CPU LATENCY Counter ON ESXI 5.0.

I am having trouble understanding
the results from the latency counter on the vcentre for our guest VM.

 

My understanding of the latency counter
is that it will increase when there is contention for physical CPU resources
and that it is a measurement of percentage of time that a guest has to wait to
get access to the CPU resource.  However,
all our hosts have more CPU physical cores than the total number of VCPU’s of
our guests.  Therefore, if my
understanding is correct, there should be minimal latency and there should be
no contention for physical CPU resources.
We are seeing a number of guest VM wares with a latency of above 10%
which I have read shows significant degradation of performance.

However, our CPU Ready counter
are well below 500 milliseconds.  Can
anyone shed any light as to why this might be the case?

27 Replies
rickardnobel
Champion
Champion

Which exact counters do you study? And do you use ESXTOP or the graphical performance information through vSphere Client?

My VMware blog: www.rickardnobel.se
0 Kudos
joshodgers
Enthusiast
Enthusiast

In case your still having issues, I have a few blogs which may assist

Common Mistake - Using Reservations to Solve CPU Ready

How much CPU ready is OK?

High CPU Ready with Low Utilization

Josh Odgers | VCDX #90 | Blog: www.joshodgers.com | Twitter @josh_odgers
0 Kudos
Blicks
Contributor
Contributor

Hi thanks for coming back to me. It not the CPU Ready counter that we are
having an issue with its the CPU latency. There are tonnes of post on CPU Ready
but almost nothing on Latency. Our CPU Ready on ESxTOP is 0.05 but our Latency
is 25% on Vcentre Noone including VMware support have been to explain what the difference
between the two . Given we have more physical cores then Vcpu and no
reservations I am struggling to understand why the latency counter is so high

0 Kudos
jamesl73
Contributor
Contributor

I'm troubleshooting the same thing.  Do you have any more information to share?

0 Kudos
Blicks
Contributor
Contributor

Hi,

What I didn’t say in the original post was it was the NWORKS (Veeam) SCOM
that was raising the alert. I spent an month going back and forth with Nworks
and Vmware, Vmware where certain there was not issue with our environment,
indeed I was seeing no issues and we had more physical cores then VCPU so I couldn’t
see why there would be an issue. Nwork maintain that this is a vaild counter
but couldnt give me any documentation so I decided to override the counter

0 Kudos
jamesl73
Contributor
Contributor

Same here, I'm using Veeam as well.  The Veeam alert is accurate, the data matches what I can see in vCenter performance.  It's just a matter of what does that metric mean and what's a valid threshold for it.  I'm getting about 3,000 of them per day in a 1200 VM environment.  For now I'll try bumping the threshold from 20% to 50%.  Thanks for the follow up!

thelights
Contributor
Contributor

I'll jointhe crowd too - I'm using Veeam's MP here too and I get the same alert. Here is what VMware told me:

  • CPU Latency rises when the VM cannot run on the best core (where it was running), while Ready rises when none of the cores in entire motherboard is available. So Latency will go up before Ready will go up. But the 2 counters do not seem to move in tandem.

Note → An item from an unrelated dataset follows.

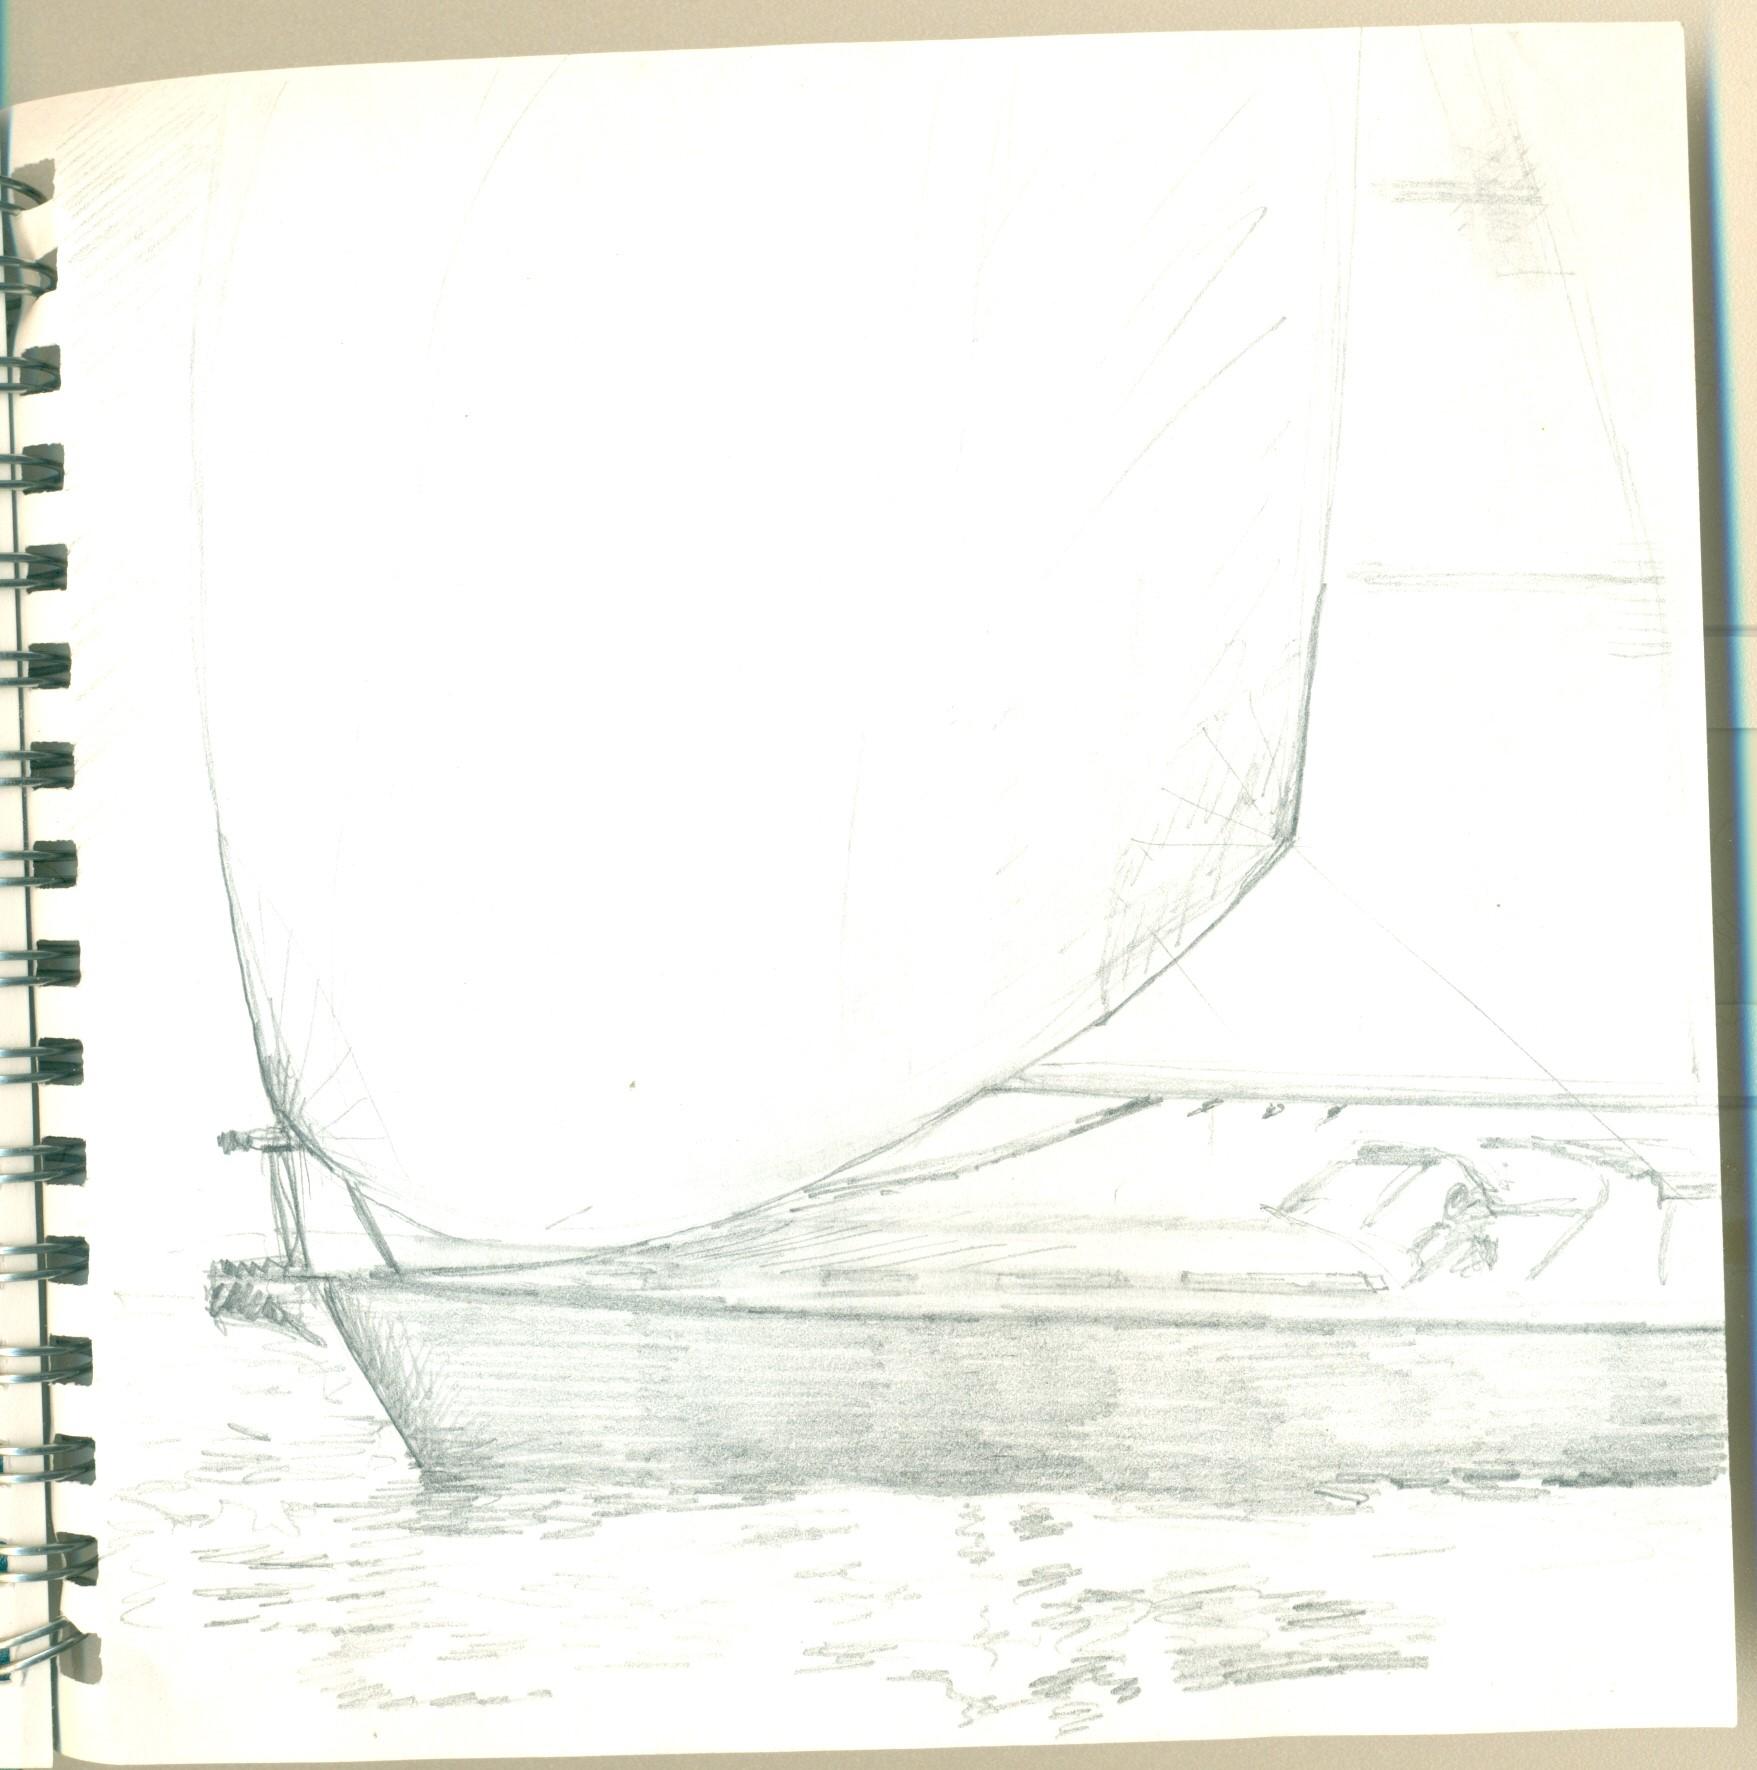 Sailing drawing 3.jpg
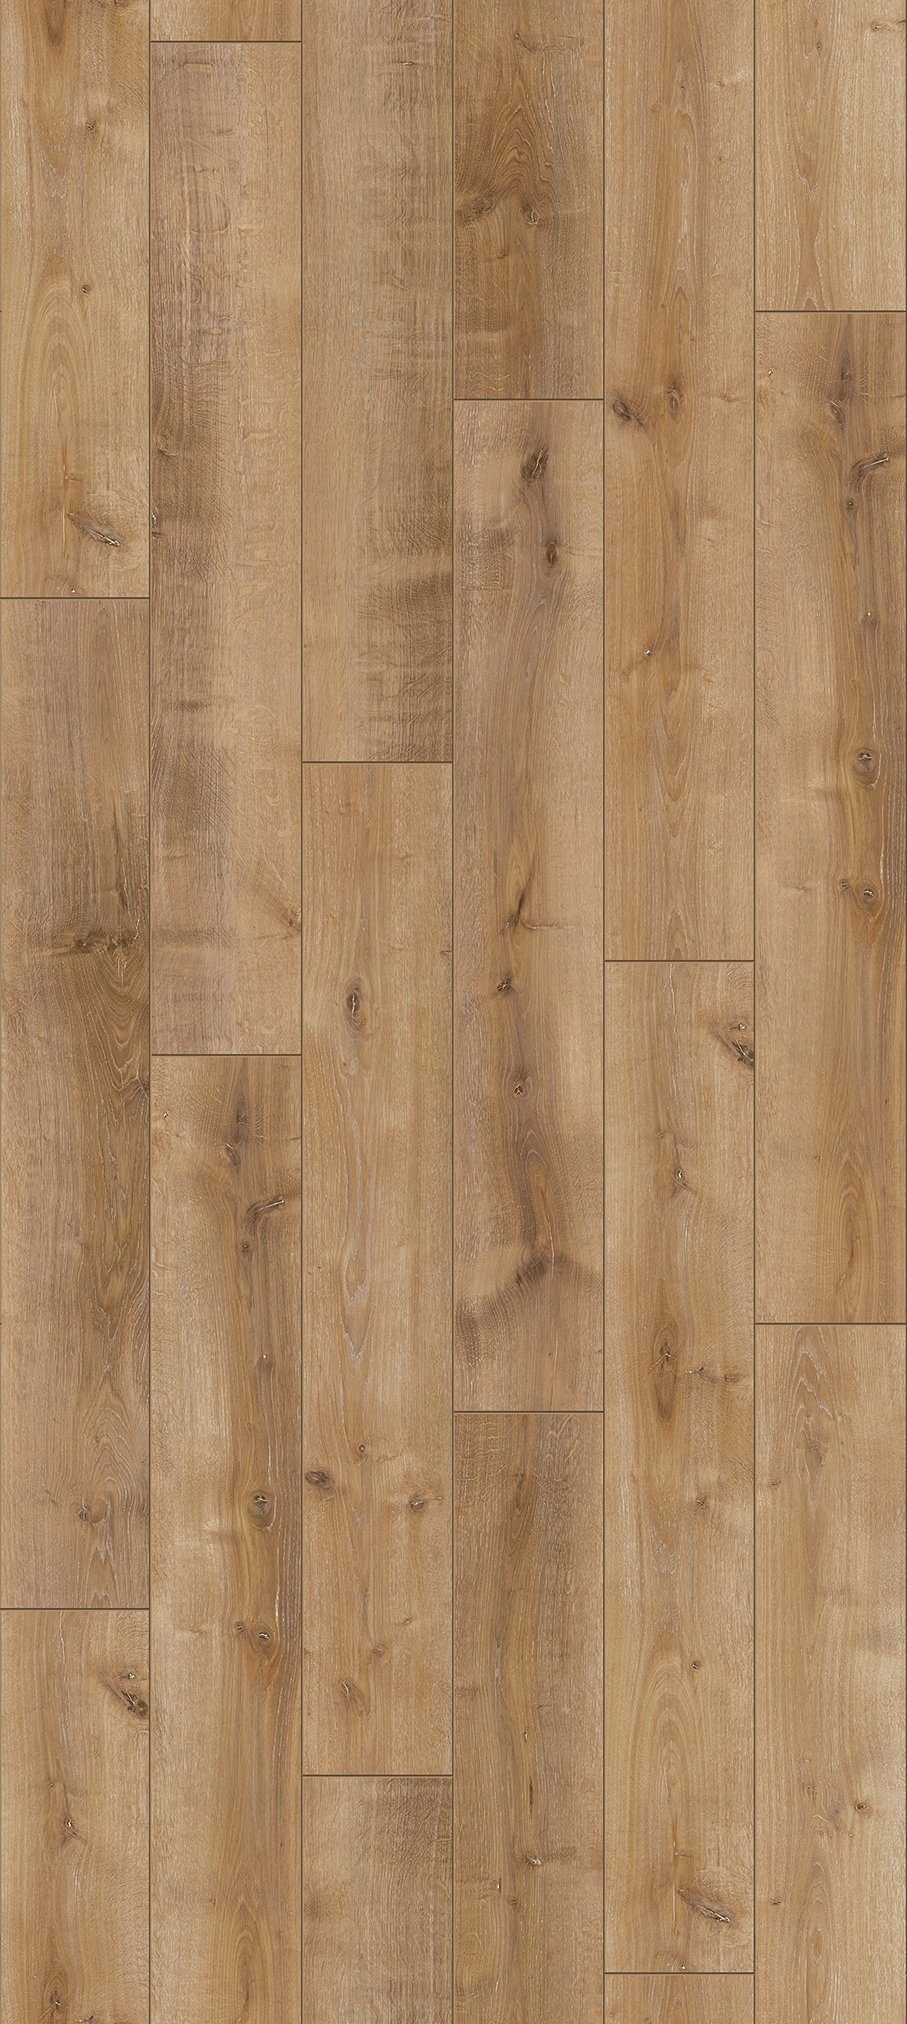 PARADOR Laminat »Classic 1050 - Eiche Monterey leicht geweißt«, 1285 x 194 mm, Stärke: 8 mm

Now what I don't have yet is at what point is the percentage too high. e.g. Is 20% an issue or is it 50%? Or how do you fix it!

0 Kudos
Blicks
Contributor
Contributor

That would make sense, however we have more actual cores then we have VCPU, so I would expect it to always be able to use the best core .... but I still get silly high values of 500ms

0 Kudos
thelights
Contributor
Contributor

500ms? Latency is measure as a %?

But same here - more pCPUs than vCPUs and we have the issue. Do you have Intel's hyper-threading turned on? We do.

We also see the issue on VMs with 1 vCPU.

0 Kudos
frdnguyen
Contributor
Contributor

As far as I know cpu latency is an index (let's call it that) based on cpu ready, swapwait and power regulation (C-state). So If you cpu ready is ok, and swap wait is 0, then it is your power regulation.

You can change the setting into the bios and let the os (ie ESX) control the power otherwise you can configure it to something like high performance.

0 Kudos
Blicks
Contributor
Contributor

This is interesting where did you get this information from ?

Please consider whether you really need to print this email

Blick Rothenberg LLP

Chartered Accountants

16 Great Queen Street

Covent Garden

London WC2B 5AH

Main: +44 (0)20 7486 0111

Fax: +44 (0)20 7935 6852

Web: www.blickrothenberg.com<http://www.blickrothenberg.com/>;

Twitter: @BlickRothenberg<http://twitter.com/BlickRothenberg>

Map: Blick Rothenberg Map<http://www.blickrothenberg.com/Contact-Us/Contact-Details>

Blick Rothenberg LLP is a UK limited liability partnership registered in England and Wales under number OC377158. A list of members (who we refer to as partners) is available at the registered office address above. Blick Rothenberg LLP is authorised and regulated by the Financial Conduct Authority to carry on investment business.

Blick Rothenberg LLP is an independent member of BKR International www.bkr.com<outbind://27/www.bkr.com>;

The contents of this e-mail are confidential to the sender and the addressee. If you are not named above as an addressee, any distribution, copying or use of this e-mail or the information in it is strictly prohibited. If this e-mail has been received by you in error, please notify the sender and then delete it and any copies of it.

0 Kudos
frdnguyen
Contributor
Contributor

like I said it is not official, but i found this in an old post  "ready, cstp, ht busy time and effects of dynamic voltage frequency scaling" (https://communities.vmware.com/message/2162570). So my memory got it partly wrong. And some veeam forum,Virtual Machine Compute Latency Analysis, how does it work? | view topic...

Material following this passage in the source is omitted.